Reducing prices has to be framed carefully so as not to lower the reference point for value. There are several tactics to do this. Link the price reduction to an economic indicator relevant to the customer’s industry. This makes it possible to naturally adjust prices in response to economic changes.
What impact will price change have on our customers?
The change in economic conditions will impact different customers in different ways. Some of your customers may be in counter-cyclical industries. They do relatively better when the economy contracts. Many financial companies benefit from higher interest rates. The energy sector is enjoying windfall profits from the short-term spike in energy prices. Not all customers are alike.
- A simple framework to segment your customers is the following.
- Is the customer advantaged or disadvantaged by the current economic changes?
Is the customer getting more value or less value from your solution?
This is a bit too simple, of course. One needs to drive down to specific value drivers and variables to really understand what is happening but it does give a place to start. Boards should ask their leadership teams how their current customers are distributed across these four segments.
How will our competitors respond to price changes?
Competitive alternatives always factor into pricing. One question that needs to be answered at the next board meeting is: “How are our competitors changing their pricing and discounting?”
This does not go far enough, though. Changes in economic conditions can also open the field to new alternatives. So go on to ask: “What new areas can we now compete in?” and “Who are our new competitors for these new opportunities? (These are the industries where your ability to deliver Value to Customers is increasing.)
“What new competitive alternatives could enter the market?” Competitors should not drive pricing, but they provide part of the context for pricing strategy and can be expected to respond to any pricing moves you make. If you decide to raise prices, will competitors take advantage of this to raise their own prices, or will they use this to attack you? If you drop prices, will competitors follow your prices down, or will they try to hold the line? These are simple questions, but playing out these different scenarios is part of the pricing strategy.
What are the long-term implications of price changes?
Pricing is a long-term game. Companies that are simply reacting to market forces and external economic conditions are not going to win. Long-term pricing strategy execution requires data. One needs to be able to see the results of past actions and pick out trends and patterns.

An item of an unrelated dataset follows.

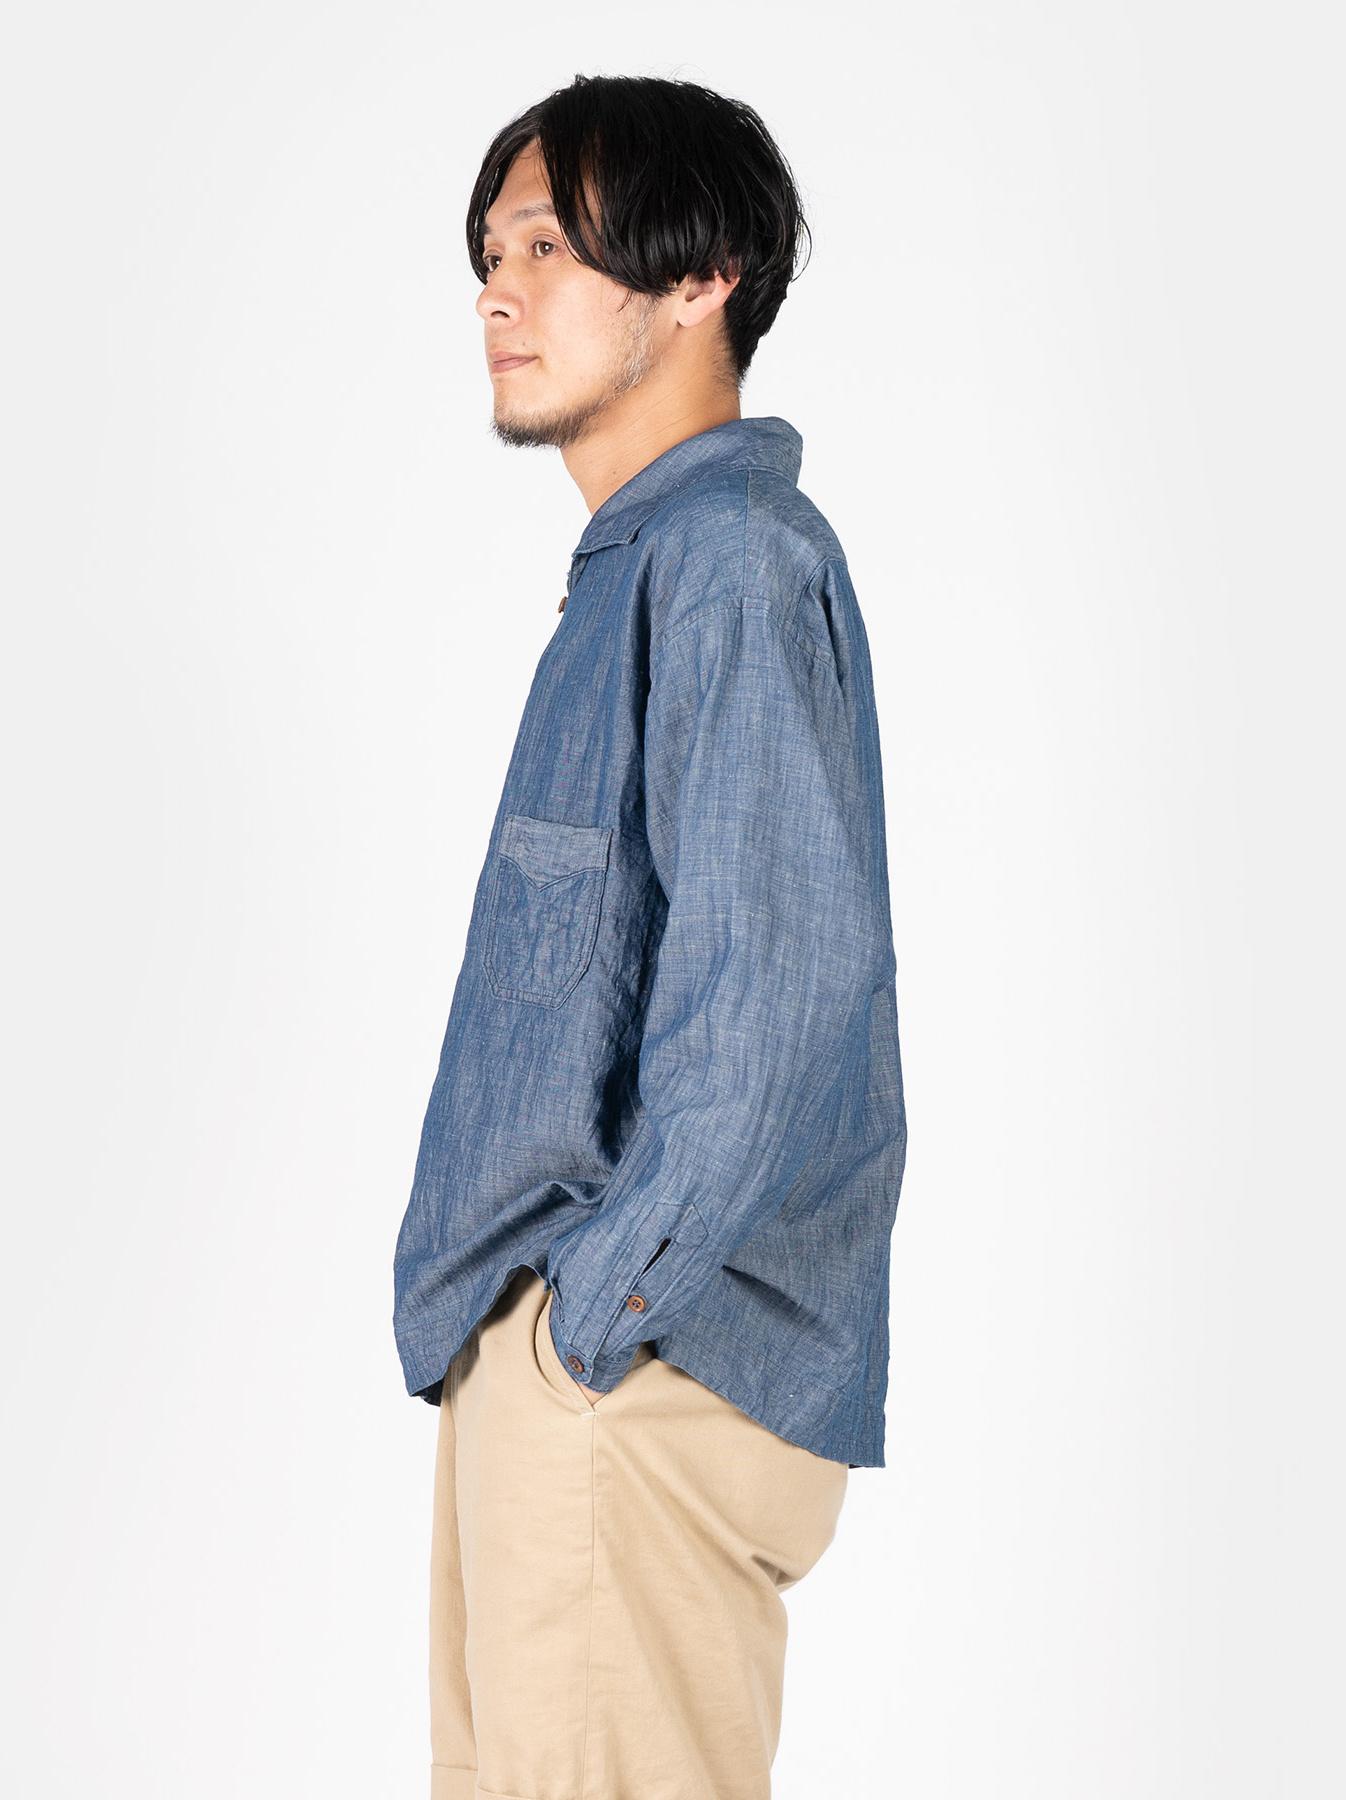 WH Cotton Linen Umahiko Pullover Shirt-4

In most companies, this data exists, or existed, but is scattered across multiple applications and kept in different data formats. It is only analyzed when a crisis forces the company to reframe its pricing. This is not good enough going forward. Value and pricing data need to be collected and analyzed as part of day-to-day business activity. One successful industrial company reports monthly on the impact of pricing (including discounts) on revenue change. This attention to detail helps them see market changes early and take action to make sure that pricing is making a positive contribution to the business.
Pricing strategy requires perseverance, strategic alignment, and long-term execution. These are areas where the board should be engaged and provide guidance and support. Rather than dipping in and out of pricing, the board should have a standard set of pricing questions that are part of every meeting.
- How is pricing aligned with overall strategy?
- How is pricing contributing to revenue and profit?
- Is price aligned with the value we deliver?
- What is changing that will lead us to change our pricing?